Cylinder (beaker) test

Mice were placed in a transparent beaker with a 90-mm diameter and a height of 125 mm for 3 min. During that time, rearings were counted. For rearing, an animal must be standing on two paws and standing straight with at least one paw touching the wall of the glass cylinder.

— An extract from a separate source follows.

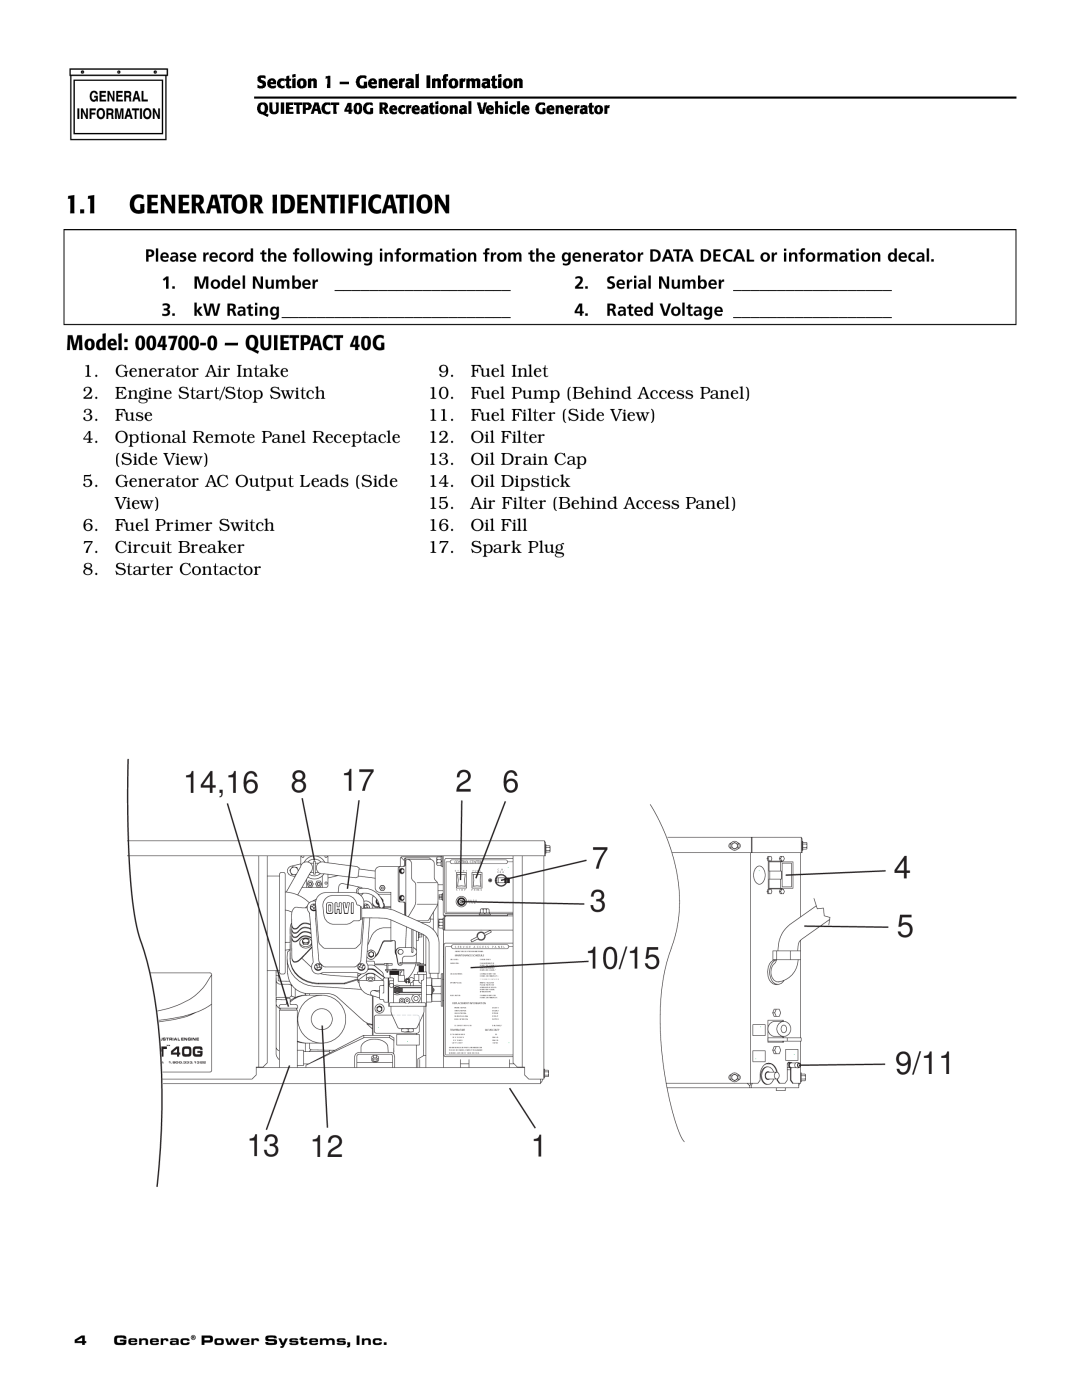 Generac Generator Identification, Model 004700-0 - QUIETPACT 40G, Model Number, kW Rating, 9/11, 14,16 8, 10/15

Statistical analysis (behavioral)

Statistical analysis of the obtained data was performed with GraphPad/SPSS software. Based on experience and the literature, the majority of experiments would have a power of 80% to achieve a significance level of 0.05. Data are presented as the SEM. Tests to check for a normal distribution were performed. If a normal distribution was confirmed, the data were analyzed by ANOVA or a t test; if the normality assumption was violated, the data were analyzed using Kruskal-Wallis and Mann-Whitney tests, with p < 0.05 considered significant. For behavioral testing, when time dependency was considered, two-way ANOVA was performed with additional correction for multiple comparisons with the Holm-Sidak test.

Statistical analysis (molecular)

All experiments were repeated at least three times. The statistical significance of silencing was assessed using a one-sample t test, with an arbitrary value of 1 assigned to the cells treated with control. Selected data were compared using an unpaired t test. Two-tailed p values of <0.05 were considered significant. Signal intensities of the protein bands were normalized to those of calnexin and compared using Student’s t test. The bars on the graphs indicate the mean protein levels ±SEM. p values are indicated by asterisks (∗p < 0.03, ∗∗p < 0.002, ∗∗∗p < 0.0002, ∗∗∗∗p < 0.0001).